Not really. A lot of essential third party Rust crates and projects have "weird" names, eg. "nom", "tokio", etc. You can see that from the list of most downloaded crates [1].
This one just happens to have been owned and maintained by core Rust folks and used in a lot of larger libraries. This is more the exception than the rule.
It's a given that you should do due diligence on crates and not just use the first name that matches your use case. There's a lot of crate name squatting and abandonware.
Rust crates need namespacing to avoid this and similar problems going forward.
A sibling comment talked about “UwU names”. Not sure exactly if they are referring to “tokio” or something else. But if it’s tokio, they might find this informative:
> I enjoyed visiting Tokio (Tokyo) the city and I liked the "io" suffix and how it plays w/ Mio as well. I don't know... naming is hard so I didn't spend too much time thinking about it.
The name of the city is 東京 -- anything in Latin characters is a rough transliteration. Tokio was the common spelling in European texts until some time last century, and is still used regularly in continental Europe.
> Rust crates need namespacing to avoid this and similar problems going forward.
It hasn't been implemented despite crowd demanding it on HN for years because it won't solve the problem (namespace squatting is going to replace name squatting and tada! you're back to square one with an extra step).
I do agree that people will assume xyz/xyz is more authoriative than some-org/xyz, but I think there is benefit to knowing that everything under xyz/* has a single owner. The current approach is to name companion crates like xyz_abc but someone else could come along with xyz_def and it's not immediately obvious that xyz_abc has the same owner as xyz but xyz_def does not.

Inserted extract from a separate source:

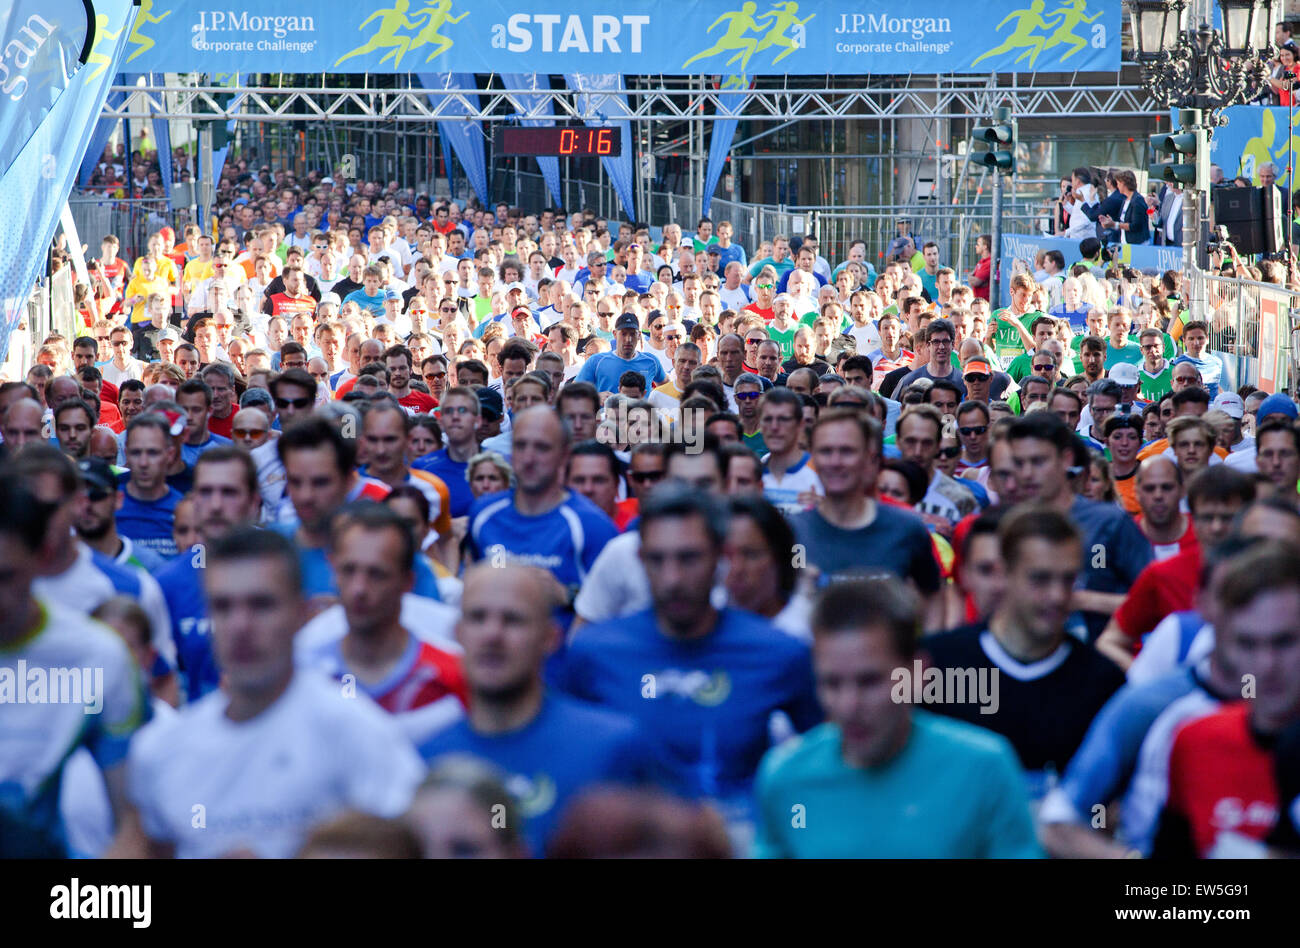 Einige der rund 70.000 Läufer Take off auf der 23. JP Morgan Corporate Challenge Lauf in Frankfurt Am Main, Deutschland, 17. Juni 2015. Laut Veranstalter kommen Mitarbeiter aus mehr als 2.600 Unternehmen aus mehr als 400 Städten für die worl Stockfoto

This is a completely different topic though, and I think there's interest in shipping something like that.
That's the main problem with “just add namespace FFS” discussions that come every other week: everyone has its own vision of what namespace should look like and what they are meant for, but nobody has ever taken the time to write an RFC with supporting arguments. In fact, people bring this mostly in ways that are related to name squatting (like right here) even though that's not a problem namespace can solve in the first place. It's magical thinking at its finest.
Exactly, this isn't about “default namespace”, this is the other feature which I said had support (didn't know the RFC had been merged though, thanks for pointing that out).
This isn't the kind of namespace people say they want to prevent squatting.
Solved the problem almost completely in npm. Sure you can't search for a name of a company or a project and expect it to be related to the company or project.
But there's no way to solve that.
But once you know a namespace is owned by a company or project, you can know that everything under it is legit.
Which solves the vast majority of squatting and impersonation problems.
Also you know that everything under "node" for example is part of the language.
> Sure you can't search for a name of a company or a project and expect it to be related to the company or project. But there's no way to solve that.
There's a way to solve it partially: you can have a special part of your namespace tied to domains and require that eg com.google.some-package be signed by a certificate that can also sign some-package.google.com
Of course, there's no guarantee that https://company.com belongs to the company, but the public has already developed ways of coping with that.
(I specifically suggest doing that only to part of your namespace, because you still want people to be able to upload packages without having to register a domain first.)
That just makes package names harder to remember and type (and actually less secure as more prone to typosquatting and backdoors in seamingly harmless pull requests) for no benefit.
Keep in mind that the majority of package by far don't come from companies in the first place, and requiring individual developers to have a domain of their own isn't particularly welcoming.
It's going to be tons of complexity for zero actual benefit.
One wonders if Bluesky's approach to usernames might one day inspire a future package manager in this direction: a GUID that is then aliased to a friendly (sub)domain through proof of ownership, with a default fallback domain for those without a domain (i.e. mypkg.crates.io vs mypkg.philpax.me)
There are problems it does solve though. It’s incomprehensible that we get so many new package managers that fail to learn from the bajillion that came before.
It actually learned and that's what makes cargo as good as it is (arguably the best of all that came before, and a source of inspiration for the ones that came after).
But its authors rightly concluded that it's useless to expect to prevent name squatting by any technical mean!
I recall in the Elm community there was a lot of hooplah around the package system aligning too much with a single repo provider (github) so that might be one disincentive there.
php deals with this by using the username/organization name of a repository as the namespace name of packages. At least then you're having to squat something further up the food chain.